Singler started at power forward as a freshman and finished the 2007–08 season with averages of 13.3 points per game and 5.9 rebounds per game, helping lead Duke to a 28–6 record. Singler put to rest any speculation that he might enter the 2008 NBA draft, saying: I didn't give the NBA any thought; I know I'm not ready. I need to mature both physically and mentally. I want to get stronger and quicker, and I want to work on learning how to play the game. I'm at a great place for that.

=== Sophomore season (2008–2009) ===
In January 2009, he had a career-high 16 rebounds against Georgetown, a game in which Duke won 76–67. Singler ended the 2009 season as the top scorer for Duke. At the end of the season, Singler was averaging a team-high 16.5 points per game in 37 games played.

=== Junior season (2009–2010) ===
In February 2010, Singler scored a career-high 30 points against Georgia Tech, hitting a career-high 8 three-pointers in 10 attempts. In the ACC Tournament Final (playing Georgia Tech again), he hit a career-high 14 free throws.

On March 28, 2010, in an Elite Eight NCAA game, as Duke beat Baylor and advanced to the Final Four, Singler (667 points), Jon Scheyer (690 points), and Nolan Smith (628 points) became the second trio in the history of the school to score at least 600 points each in the same season. Jason Williams, Carlos Boozer, and Mike Dunleavy Jr. first accomplished that feat for Duke in 2001–02. Singler scored 19 points in the national championship game to reach 707 for the season, joining Scheyer (728) as the two became the second duo in Duke history to score over 700 points each in one season, following in the footsteps of Jason Williams (841) and Shane Battier (778), who did so for Duke's 2001 national championship team.

Through the 2009–10 season, Singler was also 6th on Duke's all-time list in offensive rebounds (272), and 7th in defensive rebounds (490). For the season, he averaged 17.7 points and 7.0 rebounds per game. He was 3rd in the ACC in 3-point field goal percentage (.399), 4th in scoring, 3-point field goals made (2.1 per game; his 8 against Georgia Tech were the most in the ACC in a single game for the season), and minutes (35.9 per game), and 7th in free throw percentage (.798).
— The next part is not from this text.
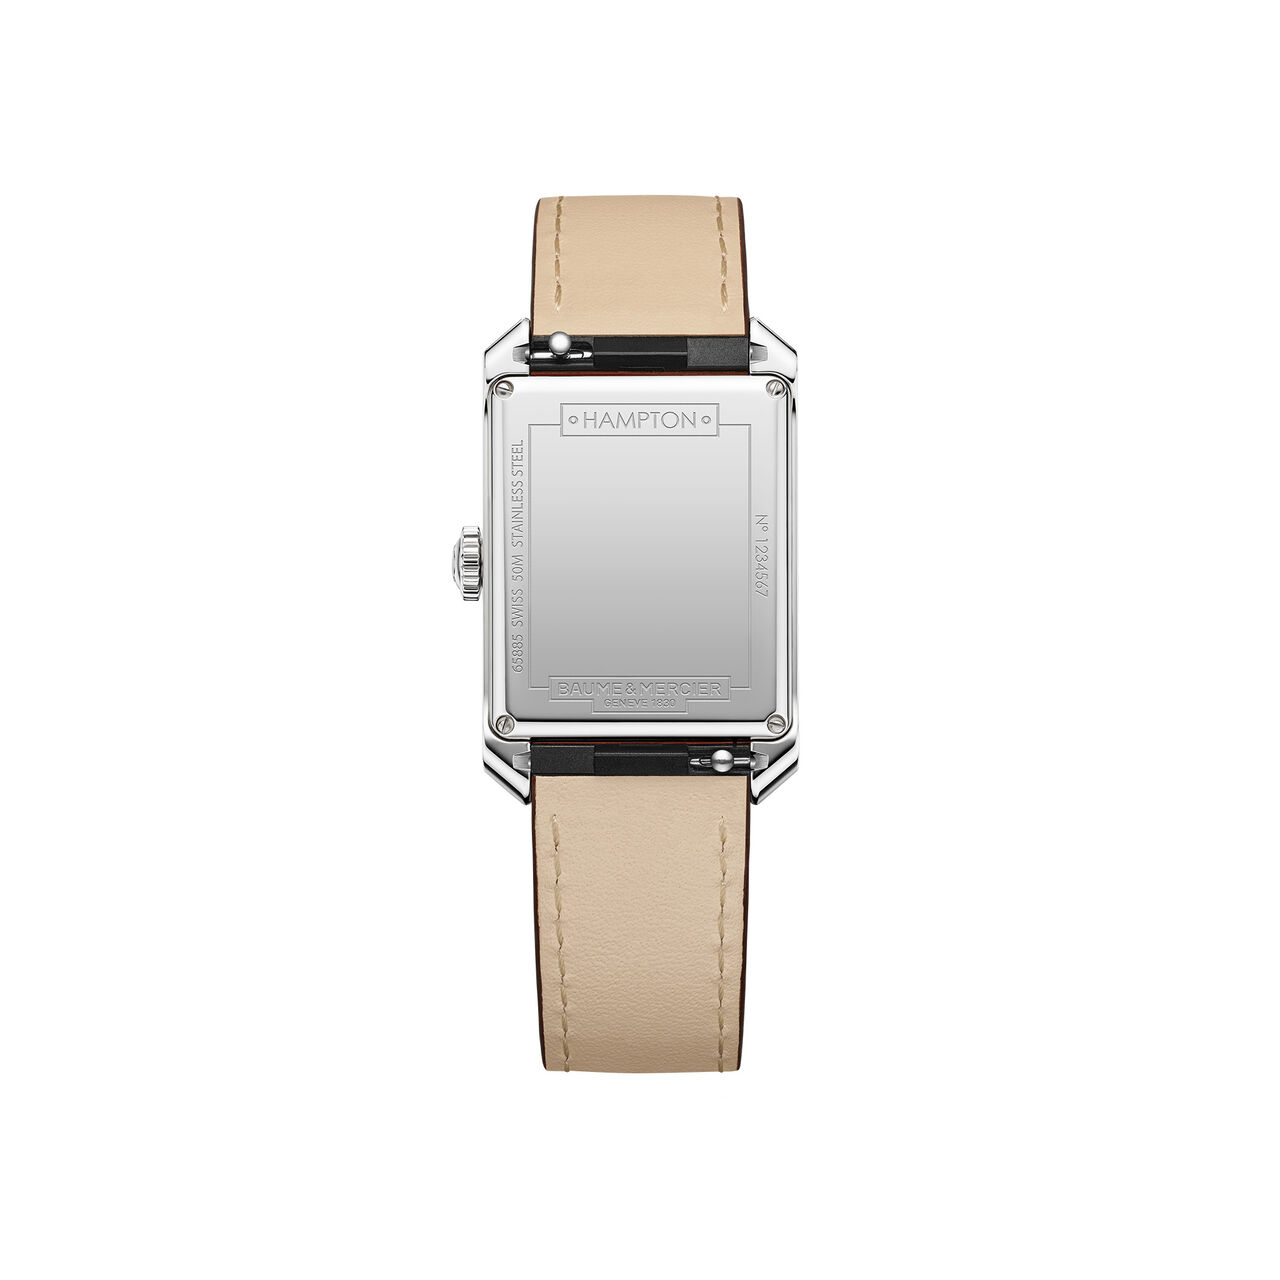 Magasiner la montre Hampton quartz de Baume & Mercier. Numéro de modèle  M0A10670. Découvrez les montres Baume & Mercier chez .

Singler was instrumental in Duke winning its fourth national championship; he was named NCAA Final Four Most Outstanding Player after averaging 20.0 points, 9.0 rebounds and 3.5 assists per game in wins over West Virginia and Butler. Scheyer called him "the toughest player I've ever played with."

=== Senior season (2010–2011) ===
Following the national championship, Singler considered entering the 2010 NBA draft, but ultimately decided to return for his senior season at Duke. Singler was named the pre-season Atlantic Coast Conference player of the year, pre-season first team All-ACC, and was named a pre-season first team All-American. On November 27, 2010, Singler tied his career-high 30 points against his brother E. J. Singler and the Oregon Ducks. Singler was also voted to the Atlantic Coast Conference first team. For the 2010–2011 season, Singler averaged 16.9 points, 6.8 rebounds, and 1.6 assists in 34.8 minutes per game for the Blue Devils. The Blue Devils were eliminated in the Sweet 16 in the tournament against the Arizona Wildcats by the score of 93–77. Singler had 18 points in the defeat.

===Awards and honors===
- 4th-leading scorer in Duke history (2,392 points)
- NABC All-American Second Team (2011)
- NCAA champion (2010)
- NCAA basketball tournament Most Outstanding Player (2010)
- Sporting News College Athlete of the Year (2010)
- Sporting News All-American Fifth Team (2010)
- NCAA Final Four All-Tournament Team (2010)
- ACC tournament MVP (2010)
- 2x All-ACC First Team (2010–2011)
- 3x ACC All-Tournament First Team (2009–2011)
- All-ACC Second Team (2009)
- ACC Rookie of the Year (2008)
- All-ACC Third Team (2008)
- ACC All-Freshman Team (2008)
- Maui Invitational All-Tournament Team (2008)
- Maui Invitational MVP (2008)

== Professional career ==

===Lucentum Alicante (2011)===
Singler was selected with the 33rd overall pick in the 2011 NBA draft by the Detroit Pistons. On August 23, 2011, he signed with CB Lucentum Alicante of the Liga ACB. The contract had an NBA out-clause for when the NBA lockout ended. In his Liga ACB debut, he won the MVP of the first match day with 23 points, 4 rebounds and 3 assists. Following the conclusion of the lockout, Singler exercised his option to leave the club. In 10 appearances with Alicante, Singler helped them win 7 games while averaging 14.4 points, 3.4 rebounds and 1.1 steals.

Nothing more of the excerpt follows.